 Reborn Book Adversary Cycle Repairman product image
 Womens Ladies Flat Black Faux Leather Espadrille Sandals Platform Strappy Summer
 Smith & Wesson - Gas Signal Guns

* * *

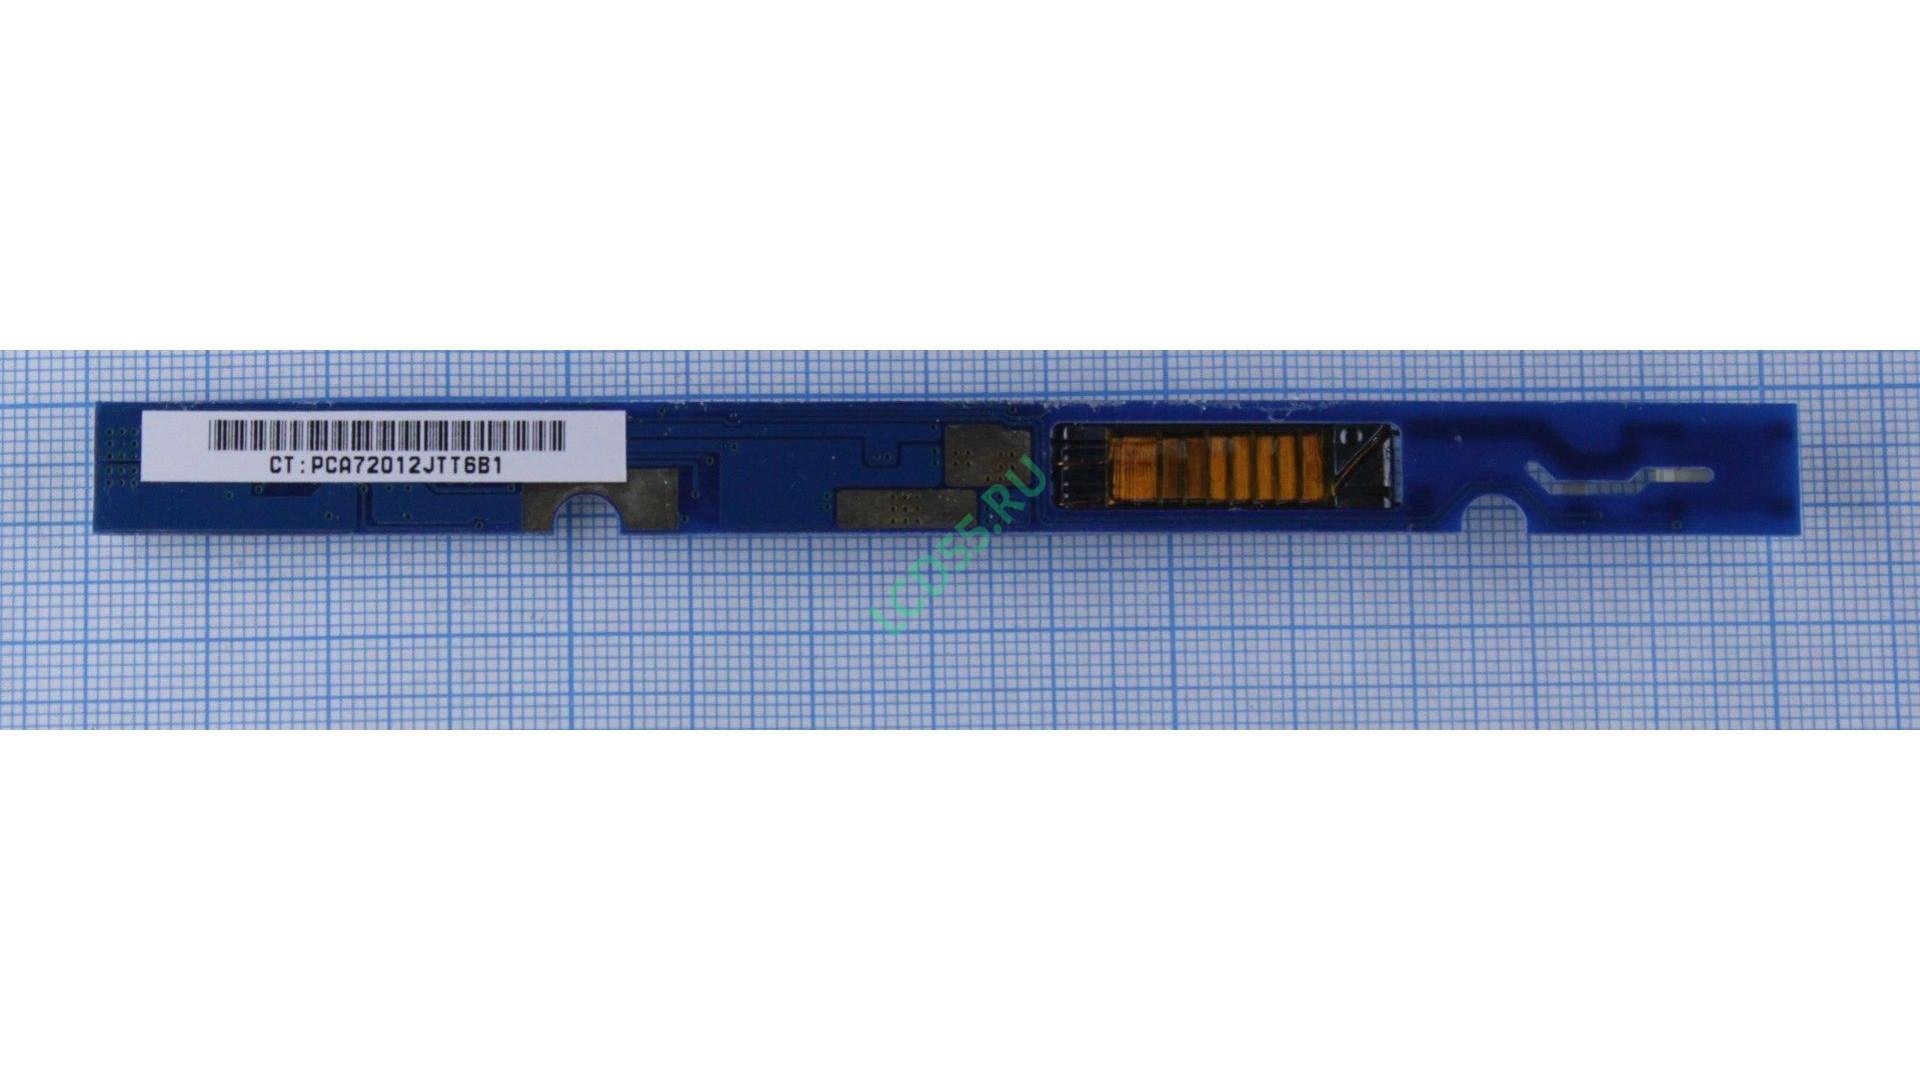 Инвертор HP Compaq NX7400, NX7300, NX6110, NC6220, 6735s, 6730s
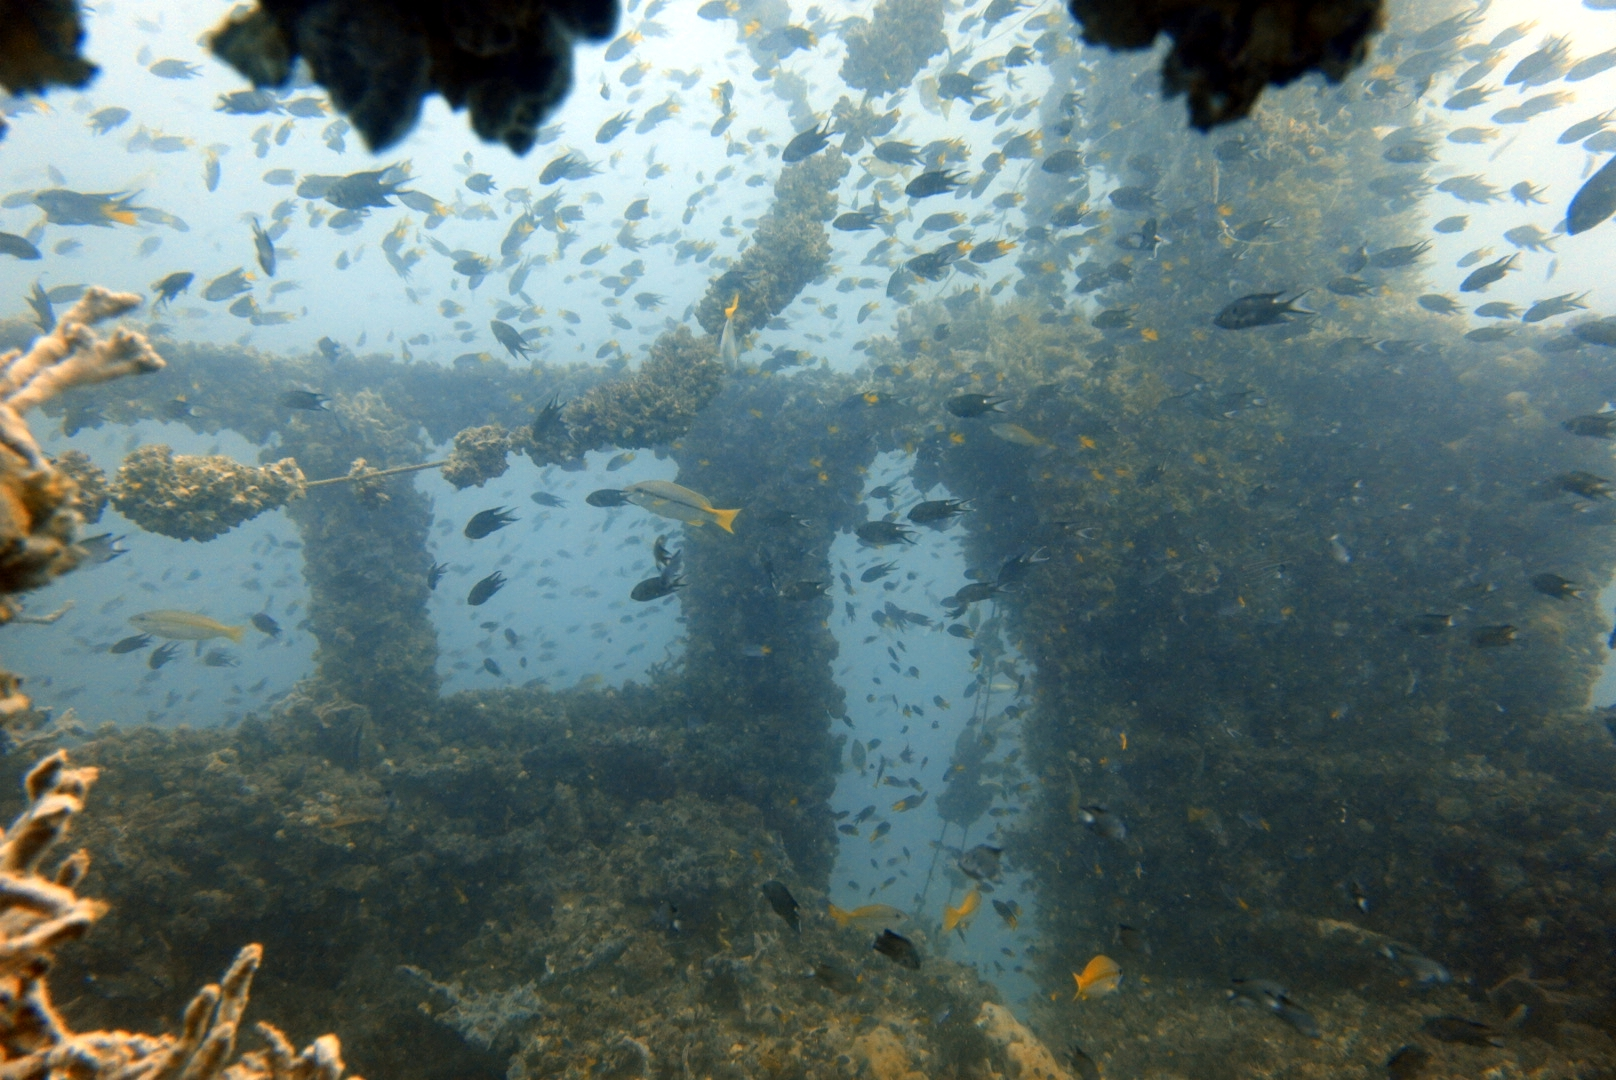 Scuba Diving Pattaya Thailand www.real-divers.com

▶ [Your objective] Your task is to transcribe, with no changes, only the lines of the listing above that lie between the line holding "Reborn Book Adversary" and the line holding "Smith & Wesson - Gas Signal Guns", inclusive.

▶ [Answer to the exercise]
 Reborn Book Adversary Cycle Repairman product image
 Womens Ladies Flat Black Faux Leather Espadrille Sandals Platform Strappy Summer
 Smith & Wesson - Gas Signal Guns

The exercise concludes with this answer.